ProkBERT PhaStyle: Accurate Phage Lifestyle Prediction with Pretrained Genomic Language Models
ProkBERT PhaStyle: Accurate Phage Lifestyle Prediction with Pretrained Genomic Language Models
Juhasz, J.; Bodnar, B.; Juhasz, J.; Ligeti-Nagy, N.; Pongor, S.; Ligeti, B.
AbstractBackground: Phage lifestyle prediction, i.e. classifying phage sequences as virulent or temperate, is crucial in biomedical and ecological applications. Phage sequences from metagenome or metavirome assemblies are often fragmented, and the diversity of environmental phages is not well known. Current computational approaches often rely on database comparisons and machine learning algorithms that require significant effort and expertise to update. We propose using genomic language models for phage lifestyle classification, allowing efficient direct analysis from nucleotide sequences without the need for sophisticated preprocessing pipelines or manually curated databases. Methods: We trained three genomic language models (DNABERT-2, 117m parameters; Nucleotide Transformer, 50-500m parameters; and ProkBERT, 21-26m parameters) on datasets of short, fragmented sequences. These models were then compared with dedicated phage lifestyle prediction methods (PhaTYP, DeePhage, BACPHLIP) in terms of accuracy, prediction speed, and generalization capability. Results: ProkBERT PhaStyle consistently outperforms existing models in various challenging scenarios.
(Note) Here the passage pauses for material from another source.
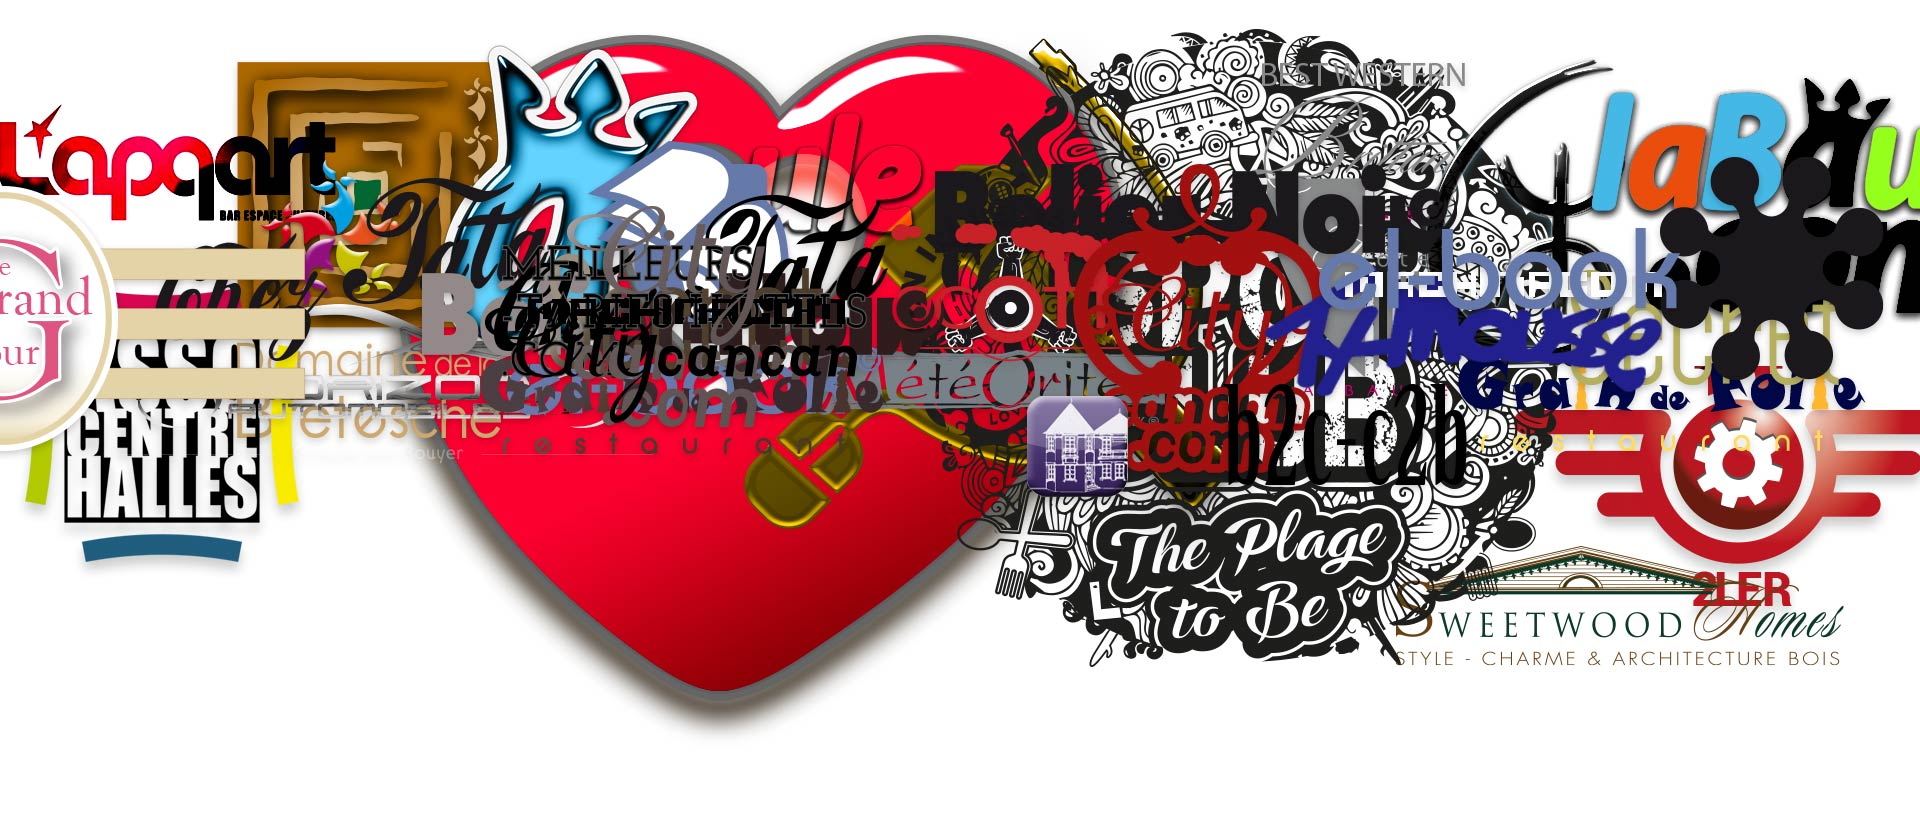 Logos et Charte graphique Digital by Paradiseisnotlost

It generalizes well for out-of-sample data, accurately classifes phages from extreme environments, and also demonstrates high inference speed. Despite having up to 20 times fewer parameters, it proved to be more performant than much larger genomic language models. Conclusions: Genomic language models offer a simple and computationally efficient alternative for solving complex classification tasks, such as phage lifestyle prediction. ProkBERT PhaStyle\'s simplicity, speed, and performance suggest its utility in various ecological and clinical applications.